Neural Explantatkulturen aus Published: October 15, 2012 doi: 10.3791/4232

Summary

Kultivierung neuronalen Explantaten aus seziert

Abstract

Der komplexe Prozess der Axon Führung weitgehend durch das Wachstum Kegel, der die dynamische beweglichen Struktur an der Spitze des wachsenden Axon ist angetrieben. Während Axon Auswuchs, muss der Wachstumskegel integrieren mehrere Stromquellen Signalstoff Informationen zu modulieren ihre Zytoskelett um die Wachstumskegel vorwärts zu treiben und genau zu navigieren, um die spezifischen Ziele 1 finden. Wie diese Integration auf der Zytoskelett-Ebene auftritt, wird noch im Entstehen begriffen, und Prüfung der Zytoskelettprotein und Effektor Dynamik innerhalb der Wachstums Kegel kann die Aufklärung dieser Mechanismen ermöglichen. Xenopus laevis Wachstum Kegel groß genug (10-30 Mikrometer im Durchmesser), um hohe auflösenden Echtzeit-Bildgebung von Zytoskelett Dynamik (z. B. 2-4) und sind einfach zu isolieren und in einer Testumgebung manipulieren Vergleich zu anderen Wirbeltieren. Der Frosch ist ein klassisches Modellsystem für Entwicklungsneurobiologie Studien und wichtige frühe Einblicke in das Wachstum Kegel microtubule Dynamik wurde zunächst festgestellt, mit diesem System 5-7. Bei diesem Verfahren wird 8 sind Eier gesammelt und in vitro befruchtet, injiziert mit RNA kodierenden fluoreszenzmarkiertes Zytoskelett-Fusionsproteine ​​oder andere Konstrukte, die Genexpression zu manipulieren, und konnte sich dann auf dem Neuralrohr Stadium entwickeln. Neural Rohre werden durch Dissektion isoliert und dann kultiviert werden, und das Wachstum Kegel auf entwachsen Neuriten abgebildet werden. In diesem Artikel beschreiben wir, wie Sie diese Methode, deren Ziel die Kultur Xenopus laevis Wachstum Kegel für nachfolgende Bild mit hoher Auflösung Analyse durchzuführen. Während wir das Beispiel + TIP Fusionsprotein EB1-GFP bereitzustellen, kann dieses Verfahren auf eine beliebige Anzahl von Proteinen, um deren Verhalten in der Wachstumskegel aufzuklären aufgebracht werden.

Protocol

Hinweis: Wir beschreiben die Schritte in den ersten beiden Abschnitten nur kurz, als hervorragende Protokolle mit detaillierten Informationen wurden an anderer Stelle, die sich speziell auf diesen Schritten (zB 8-12) veröffentlicht. Darüber hinaus hat das allgemeine Protokoll der Arbeit mit Xenopus spinalen Neuronen im Live-Zellkultur zuvor in einem ausführlichen Verfahren Artikel 8 veröffentlicht. Wir empfehlen Überprüfung, dass Artikel als Ergänzung zu diesem Video, obwohl wir hier nicht genügend Informationen, um erfolgreich und Fehlerbehebung des Neuralrohrs Dissektion und plating Protokoll in Schritt 3.

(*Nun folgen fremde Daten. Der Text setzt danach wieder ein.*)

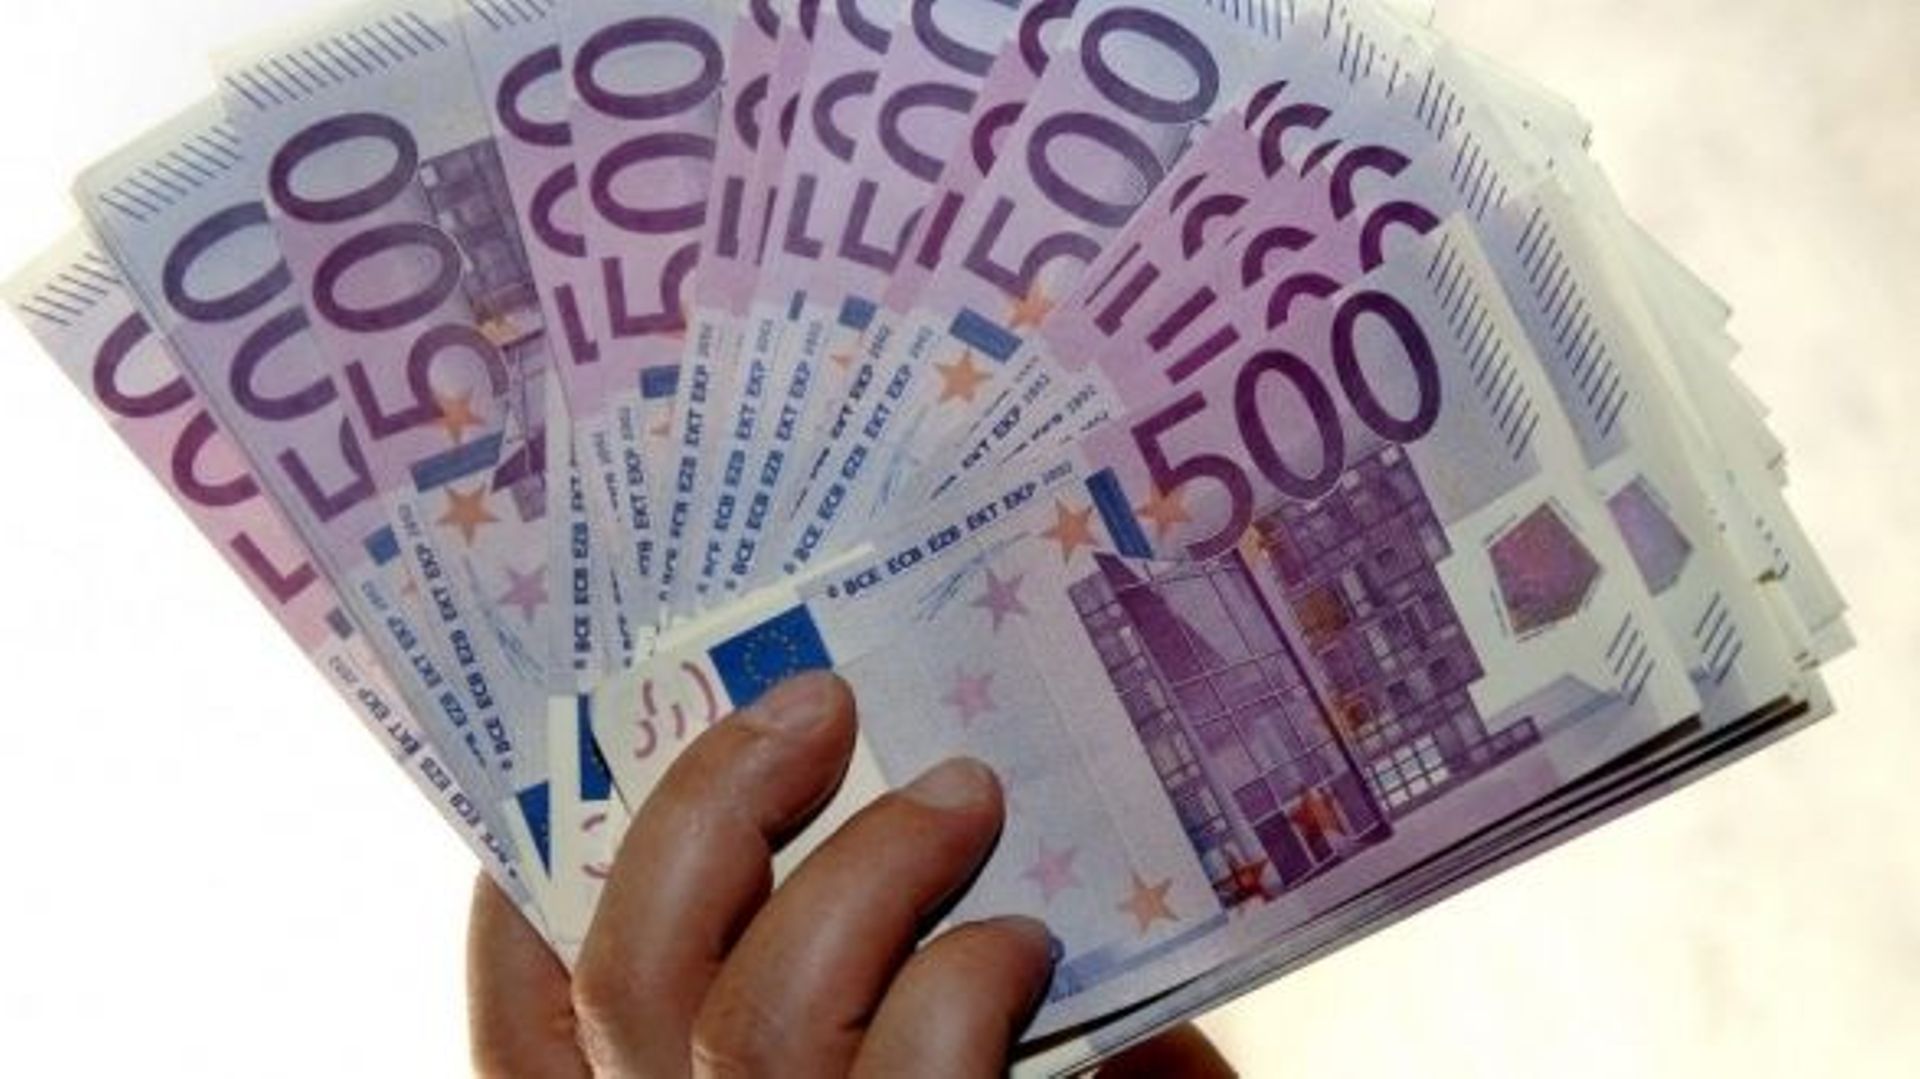 Plus de faux billets d'euros saisis en Belgique

1. In-Vitro-Fertilisation von Xenopus Eier

  1. Erhalten Eier von weiblichen Frösche, die mit Choriongonadotropin (400 Einheiten / frog) 12-18 h vor dem Eiersammlung injiziert wurden. Sammle Eier in Geändert Ringer 1X Marc-Lösung (MMR) (0,1 M NaCl, 2,0 mM KCl, 1,0 mM MgSO 4, 2,0 mM CaCl 2, 5,0 mM HEPES, pH 7,4 9).
  2. Befruchten Eier in vitro mit Hackfleisch Hoden, wie zuvor beschrieben 9.
  3. Nach mindestens 20 min, zu entfernen Embryo Gelee Mantel durch Inkubieren Embryonen in 2% Cystein in 1X MMR (auf pH 7,8 mit NaOH) für 3-5 min. Waschen mit 0,1 x MMR (oder 0,1 x MBS (Modified Barths Saline, 1X Rezept: 88 mM NaCl, 1 mM KCl, 0,7 mM CaCl 2, 1 mM MgSO 4, 2,5 mM NaHCO 3, 5 mM HEPES, pH 7,8)) 3 -5 Zeiten, und halten Embryonen bei Raumtemperatur bis Injektionen, oder, falls gewünscht, Ort Embryonen bei 14-18 ° C zu verlangsamen Entwicklung.

2. Mikroinjektion von RNA

Anmerkung: Während wir hier RNA-Injektion zu verwenden, sind diese Techniken nicht beschränkt auf RNA und DNA, Proteine ​​oder modifizierte Nukleinsäuren zur Genmanipulation können ebenfalls verwendet werden und sind zuvor 12 beschrieben.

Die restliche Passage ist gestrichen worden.